Content starts

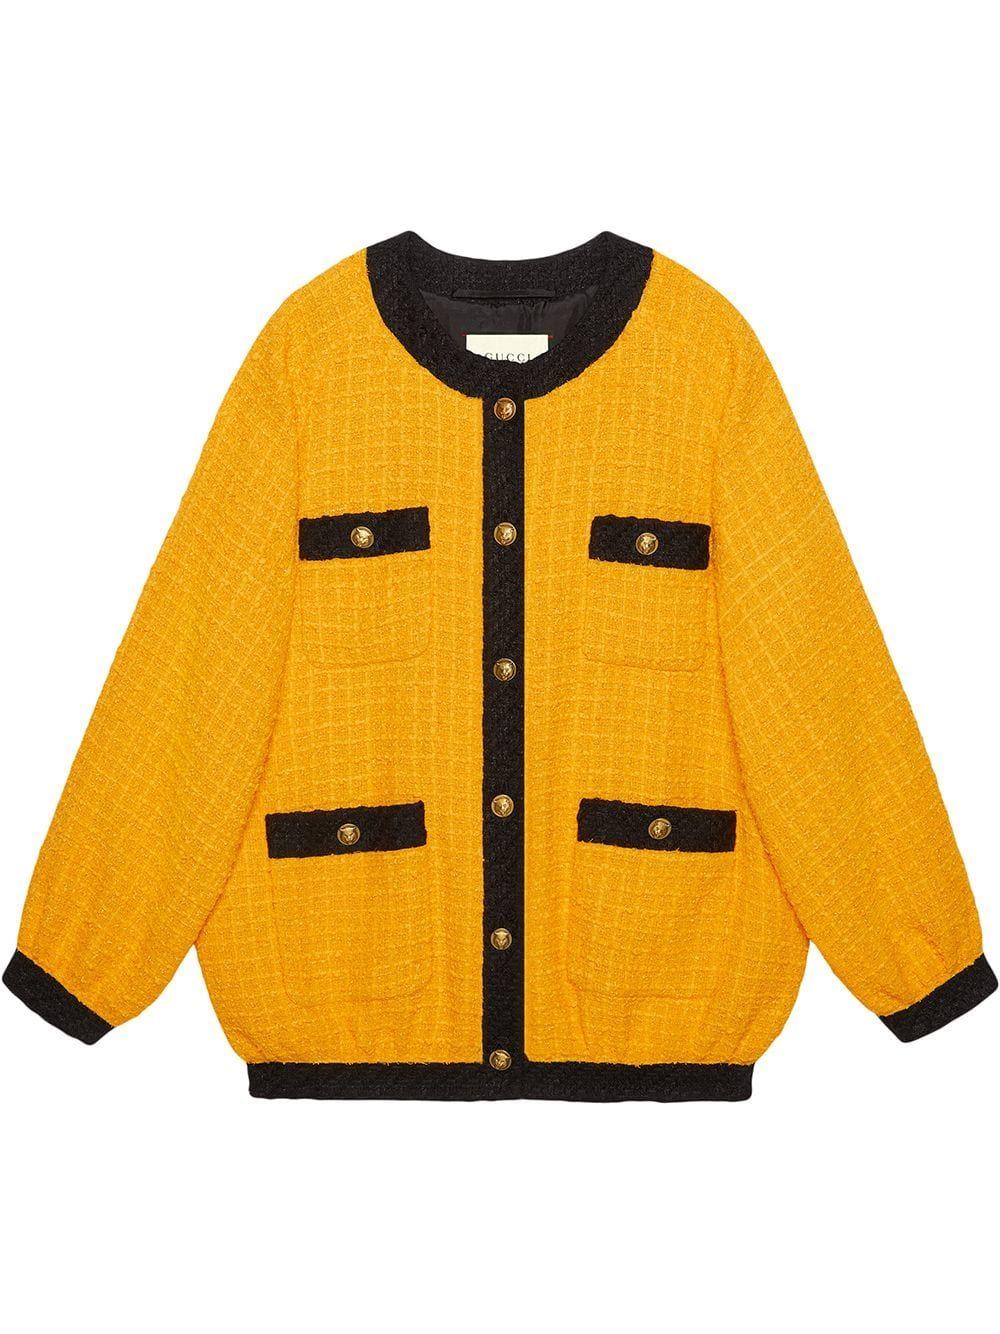 Gucci Oversize Tweed Bomber Jacket Farfetch Bomber Jacket Fashion Bomber Jacket Jackets [ 1334 x 1000 Pixel ]
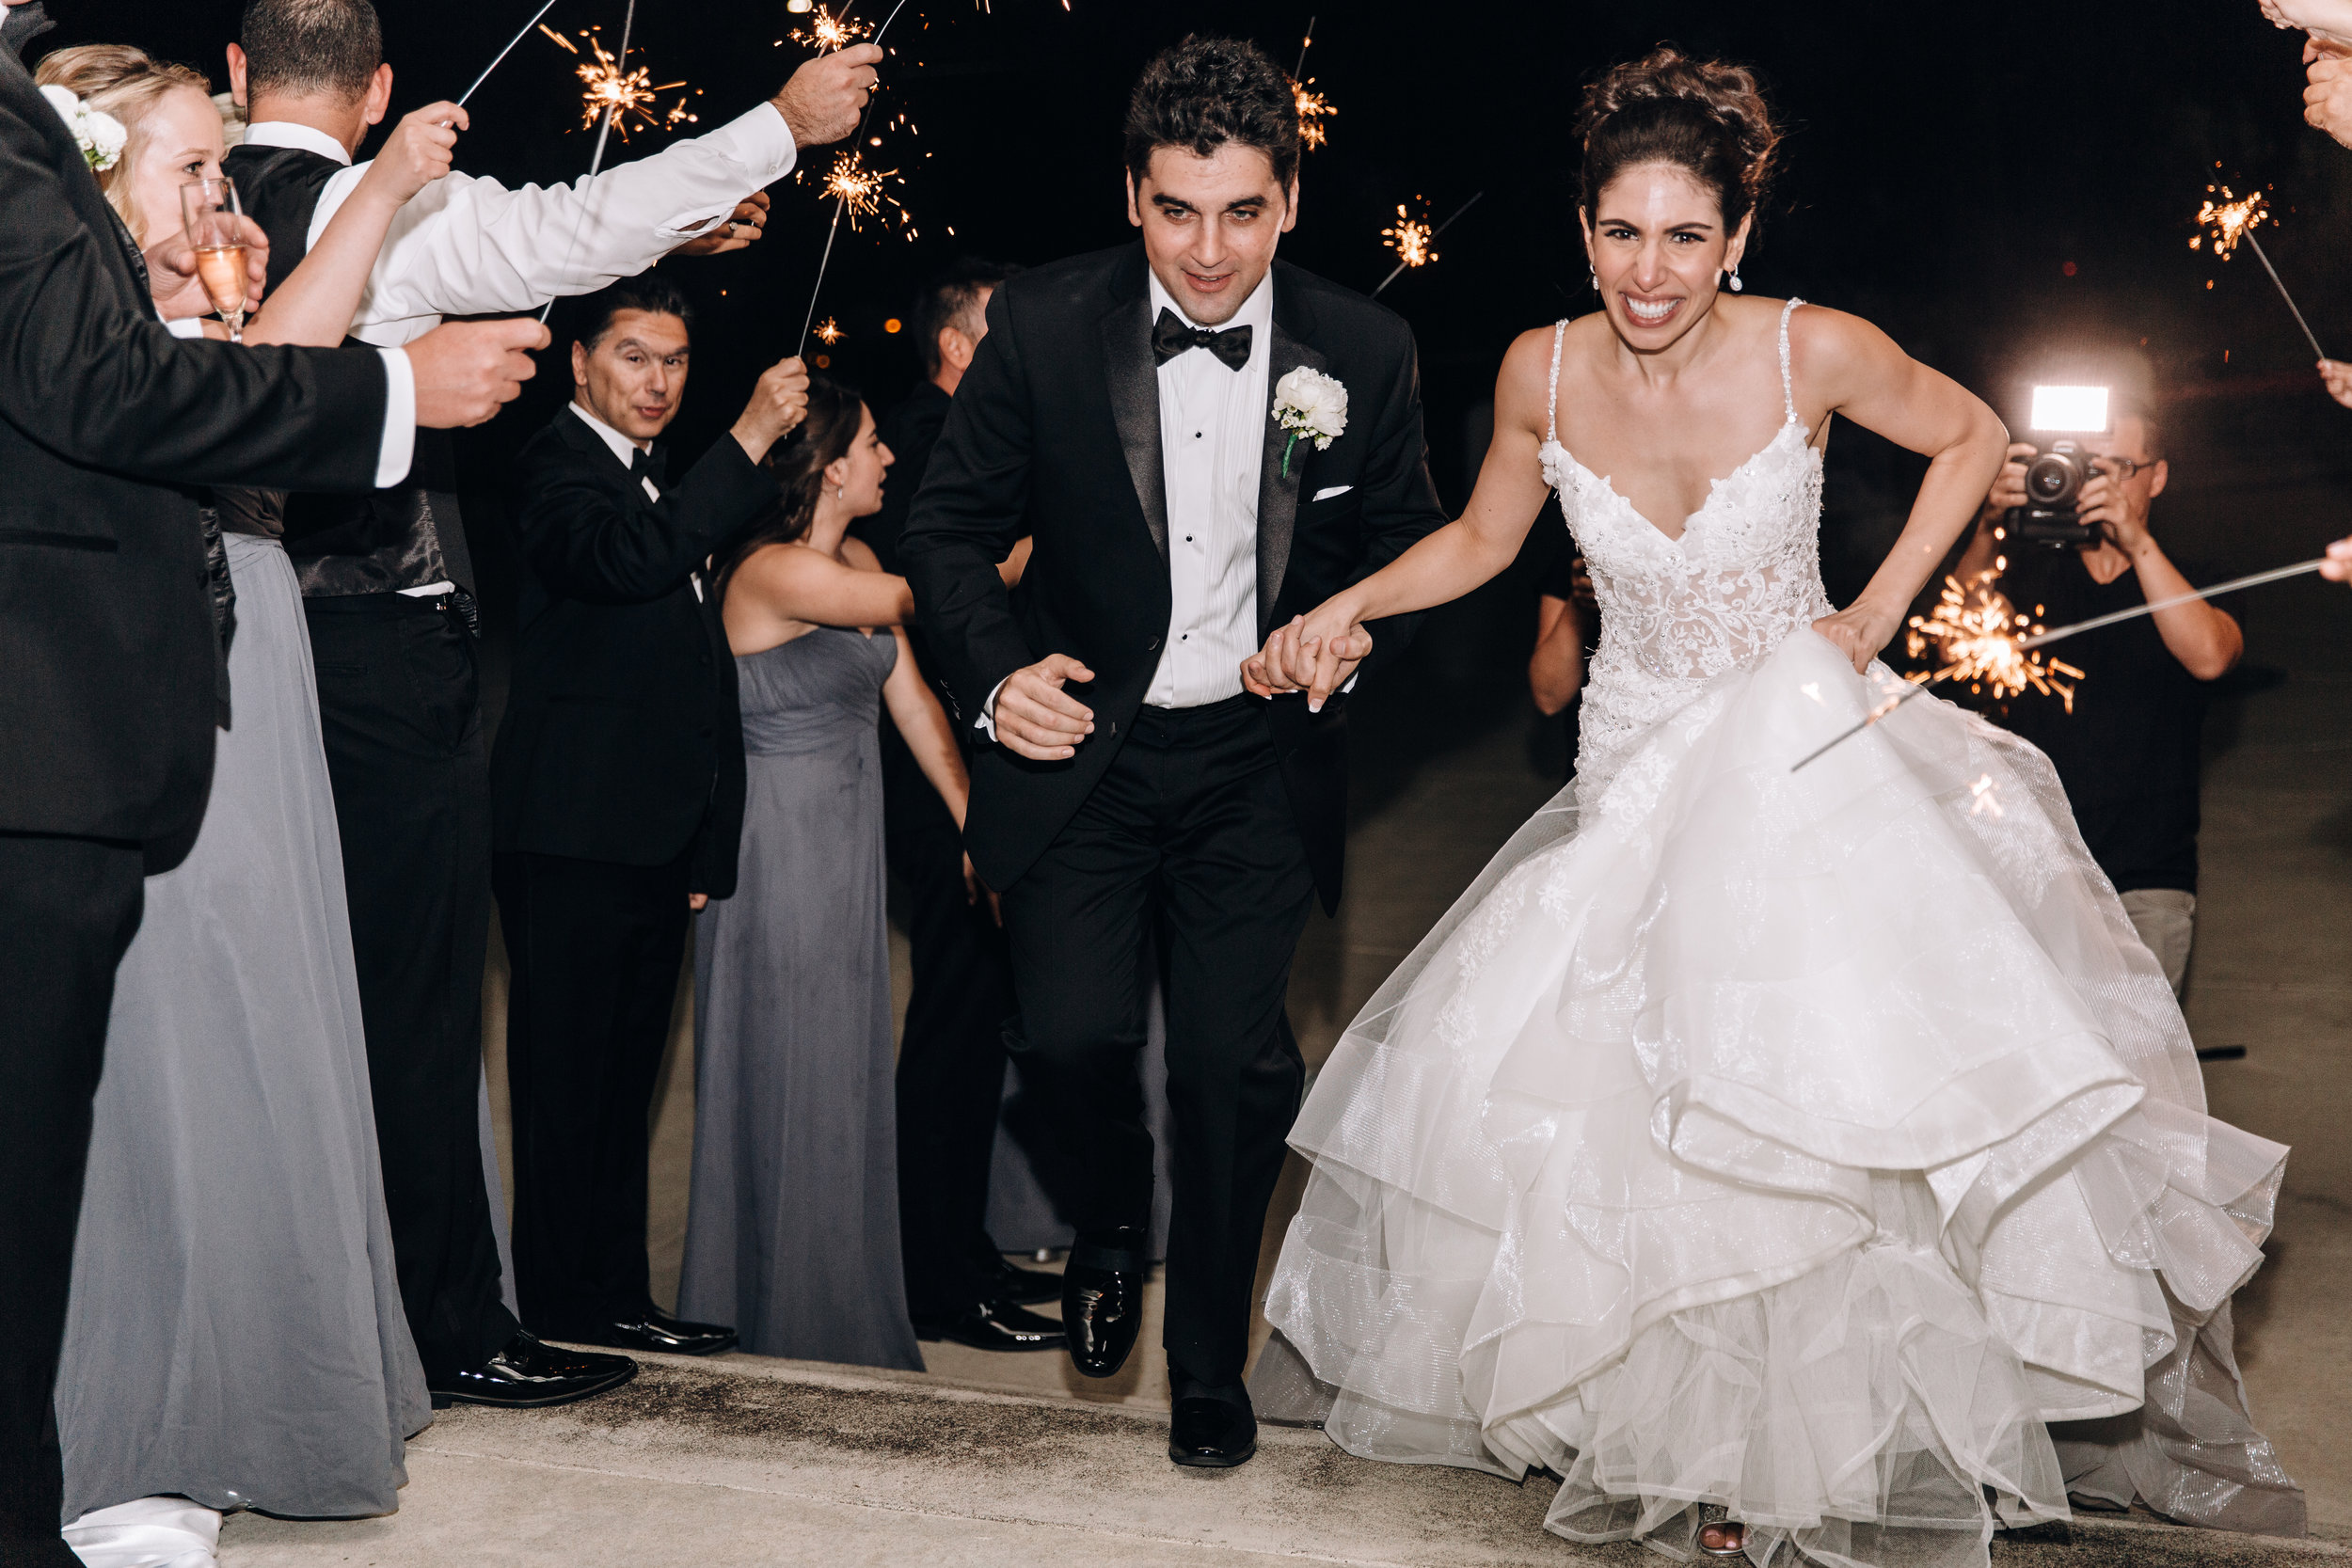 KaraNixonWeddings-GreekOrthodox-Oakland-Wedding-61.jpg
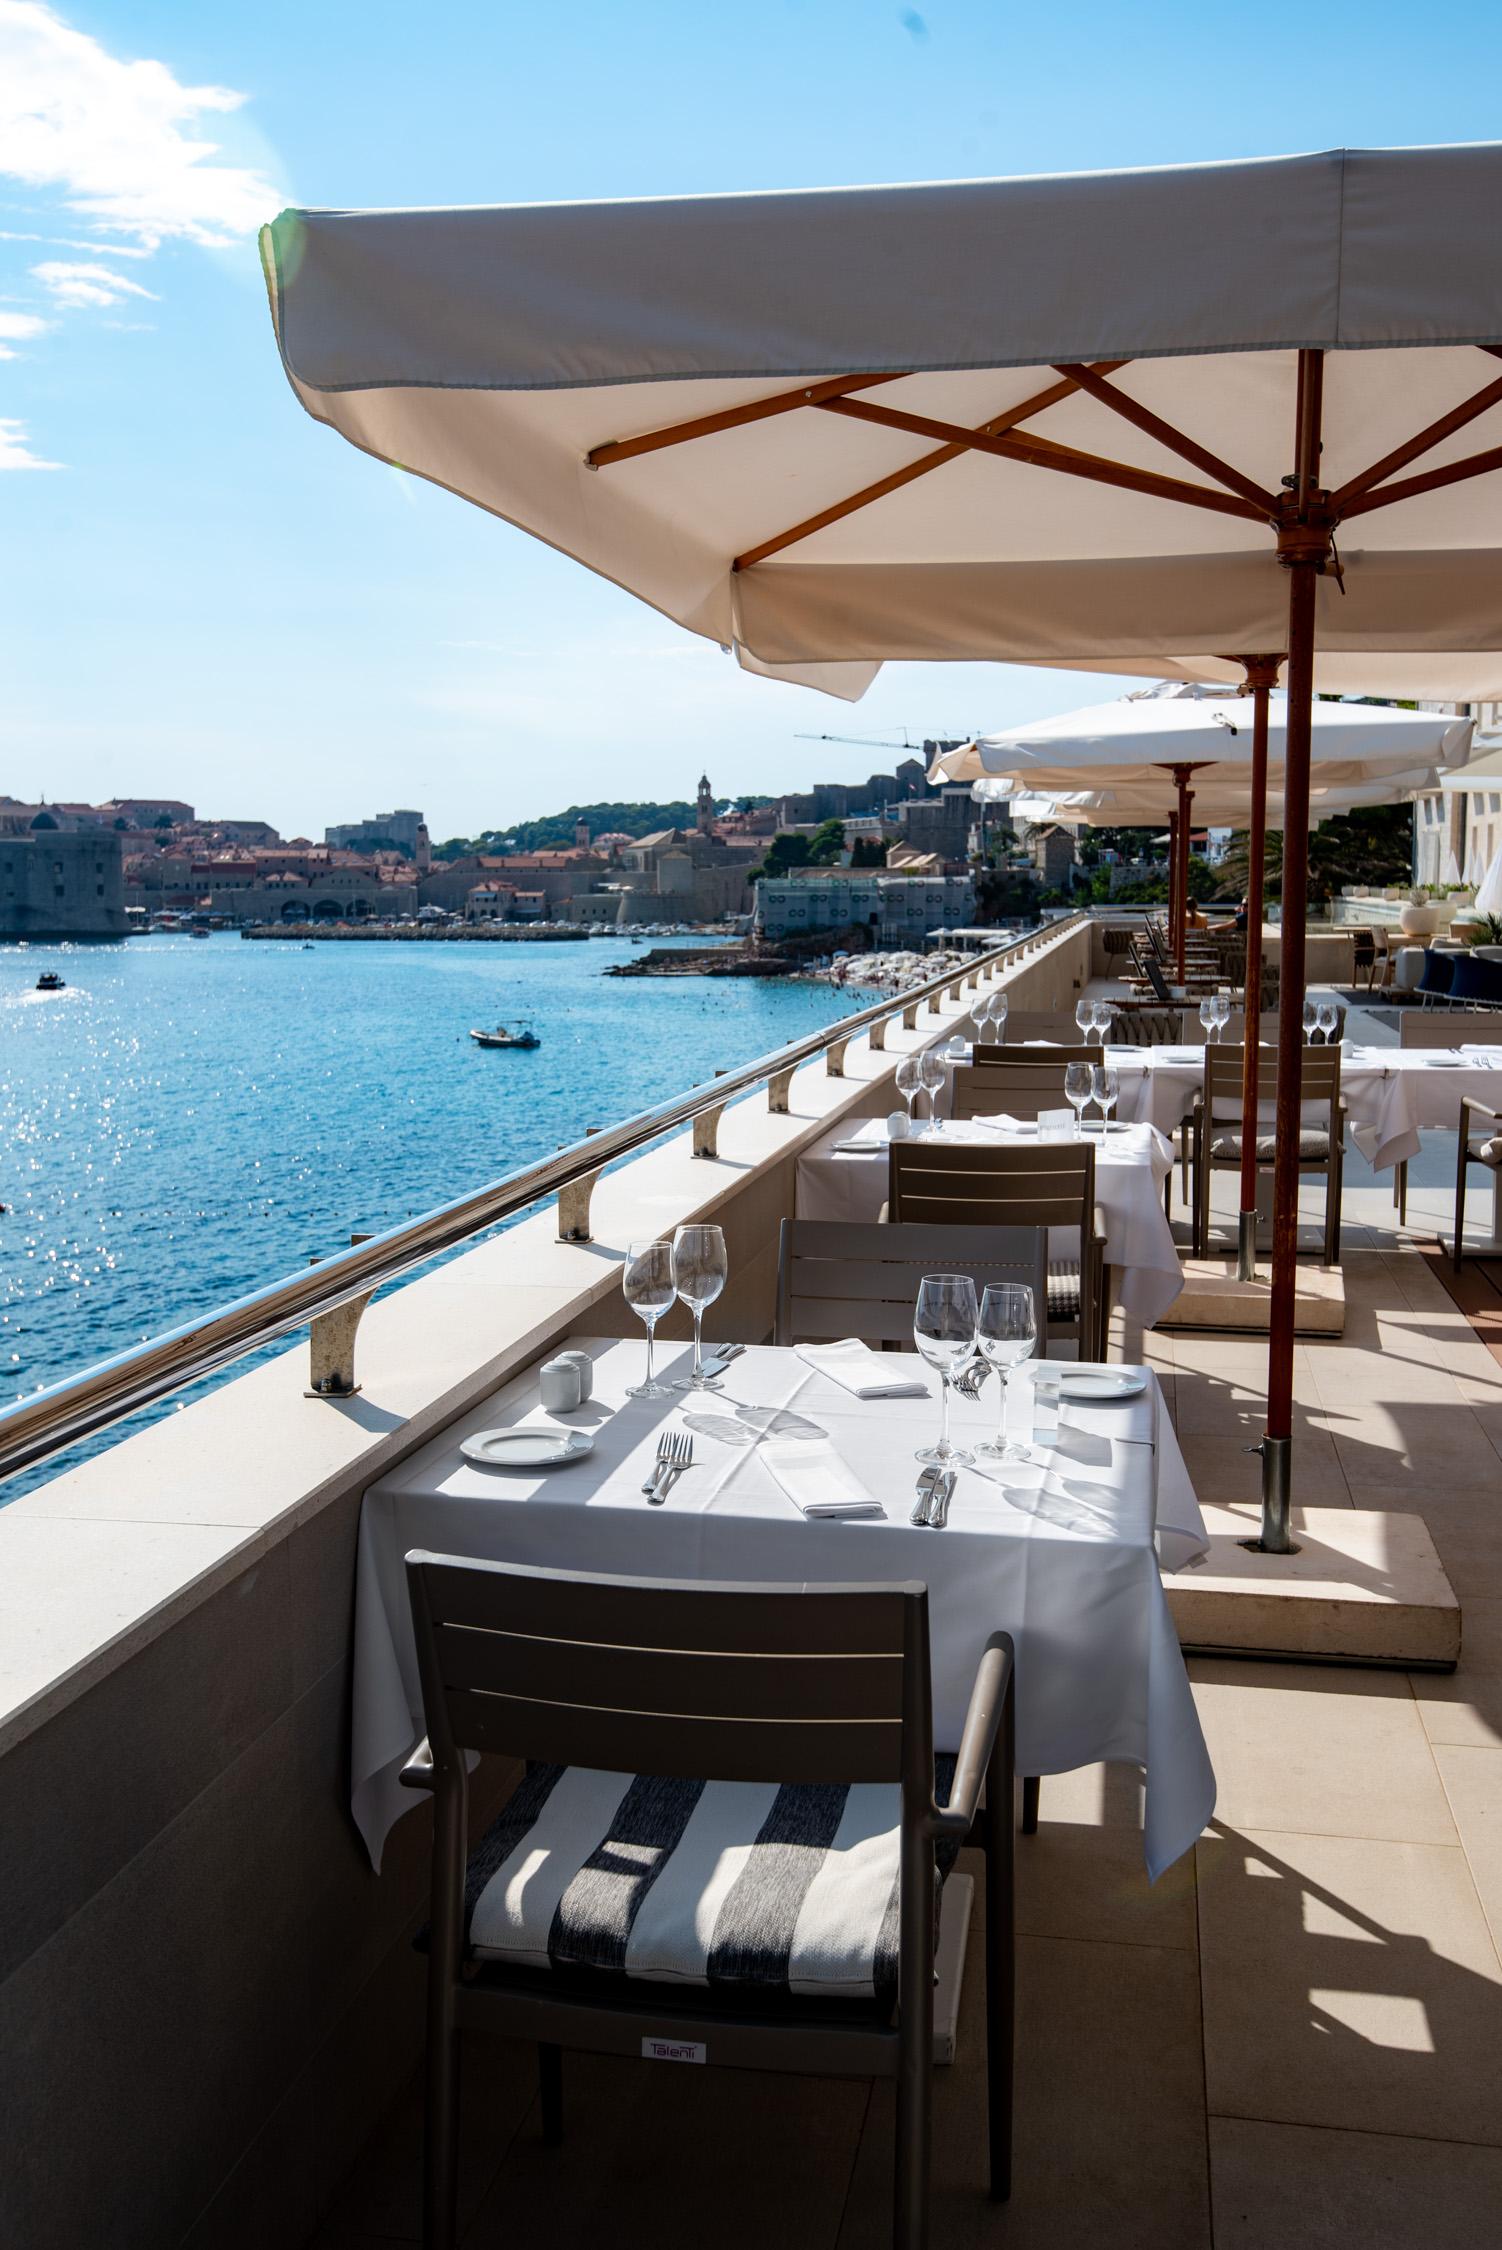 Dubrovnik-79-20180820.jpg

Content ends

Exercise: Pictures are to be omitted. Output verbatim only the lines from the one holding "KaraNixonWeddings-GreekOrthodox-Oakland-Wedding-61.jpg" through the end of the material, both included.

The completed task:
 KaraNixonWeddings-GreekOrthodox-Oakland-Wedding-61.jpg
 Dubrovnik-79-20180820.jpg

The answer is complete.